|
Abstract: This article introduces the concept of linkage and shows how a simple C++ program fails without language linkage, but can succeed with proper linkage.
Contents:
It is a common practice to call functions of a C library from a C++ program. This works out well as long as developers restrict themselves to the standard headers and libraries that were supplied with the operating system. But novice programmers may stumble with some link-time errors, as soon as they try to call methods of their own C library from a C++ program. Potential reasons for the failure could include unfamiliarity with linkage specifications and how C/C++ compilers handle symbols during the compilation.
This article briefly introduces the concept of linkage and shows how a simple C++ program fails without language linkage, and succeeds with proper linkage. Mixing code written in C++ with code written in C is relatively straightforward, as C++ is mostly a superset of C. Although mixing C++ objects with objects in languages other than C is allowed, it is a bit more complicated, hence this article restricts the discussion to C and C++ objects.
The C++ standard provides a mechanism called linkage specification for mixing code that was written in different programming languages and was compiled by the respective compilers, in the same program.
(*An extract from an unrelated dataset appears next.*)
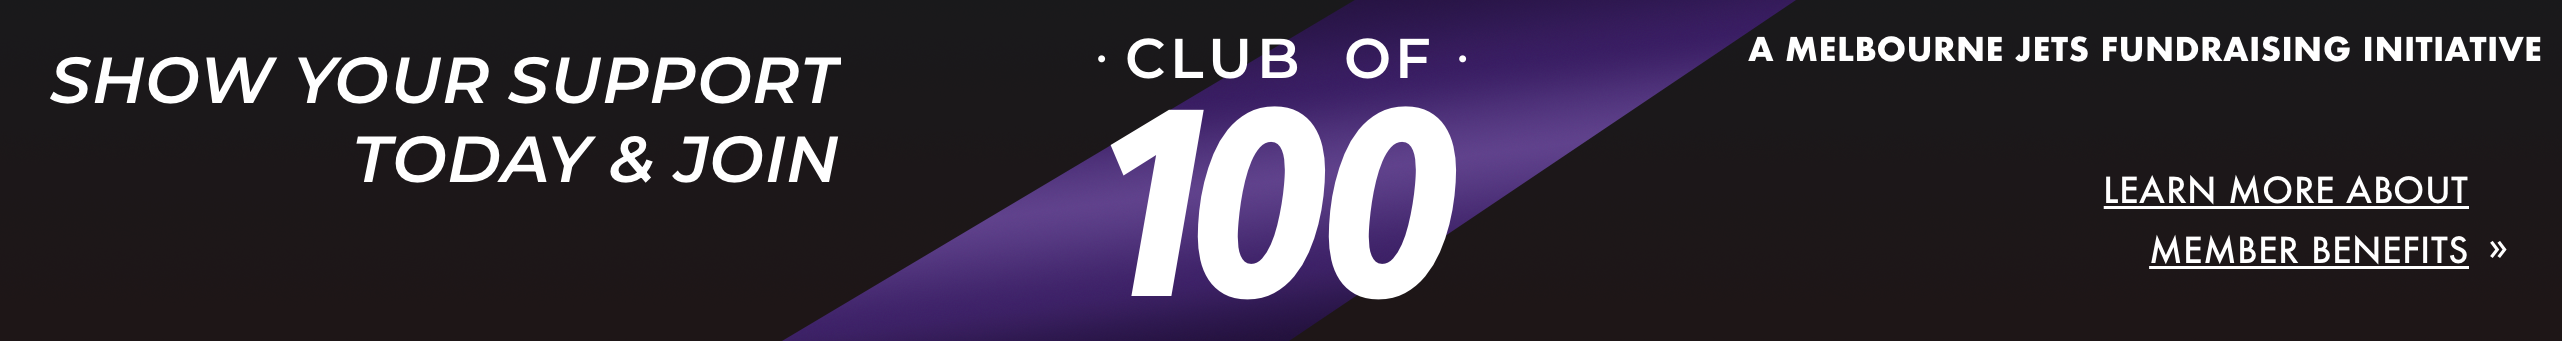 Join Club of 100 & Support Melbourne Jets. Follow this link to learn more
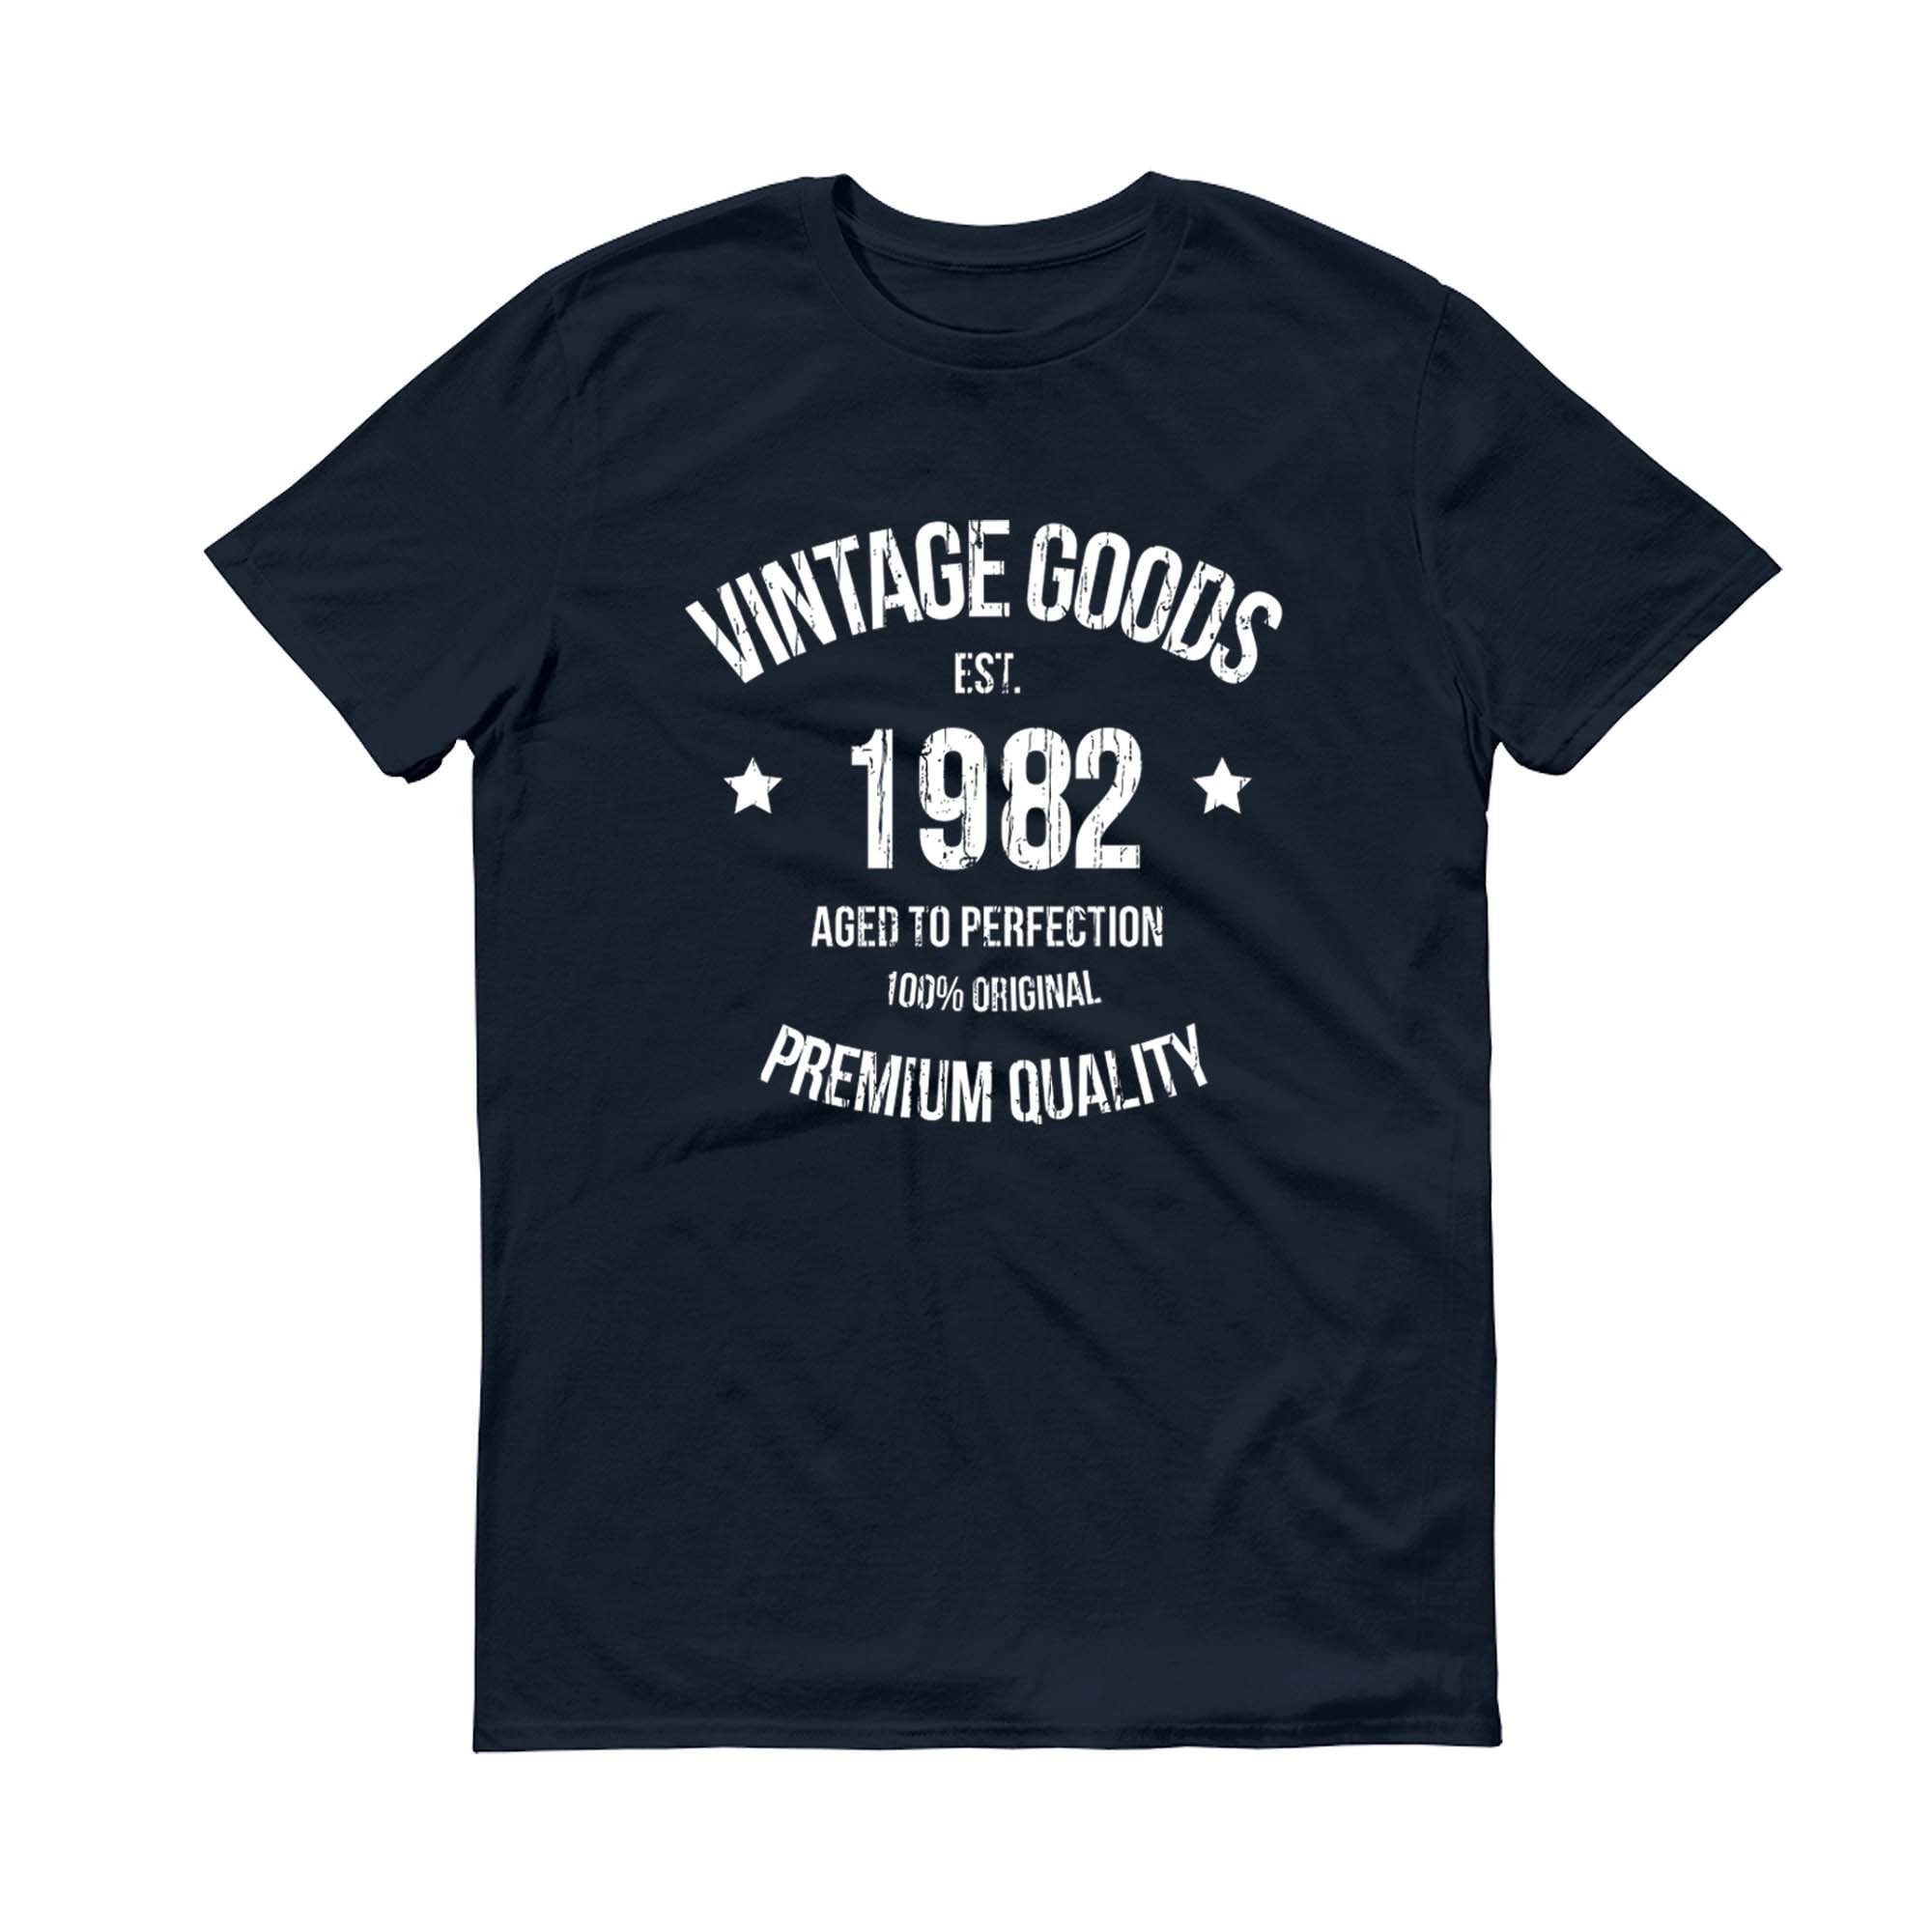 Clothing Gender-Neutral Adult Clothing Tops & Tees T-shirts 40th Birthday Gifts For Dad 40th Birthday T Shirt 40th Gift Vintage 1982 Aged To Perfection Mens Organic TShirt

Linkage specification refers to the protocol for linking functions or procedures written in different languages. Linkage is the term used by the C++ standard to describe the accessibility of objects from one file to another or even within the same file. Three types of linkage exist:
- No linkage
- Internal linkage
- External linkage
Something internal to a function, in regard to its arguments, variables, and so on, always has no linkage and hence can be accessed only within the function.
Sometimes it is necessary to declare functions and other objects within a single file in a way that allows them to reference each other, but not to be accessible from outside that file. This can be done through internal linkage. Symbols with internal linkage only refer to the same object within a single source file. Prefixing the declarations with the keyword static changes the linkage of external objects from external linkage to internal linkage.
Objects that have external linkage are all considered to be located at the outermost level of the program. This is the default linkage for functions and anything declared outside of a function. All instances of a particular name with external linkage refer to the same object in the program. If two or more declarations of the same symbol have external linkage but with incompatible types (for example, mismatch of declaration and definition), then the program may either crash or show abnormal behavior. The rest of the article discusses one of the issues with mixed code and provides a recommended solution with external linkage.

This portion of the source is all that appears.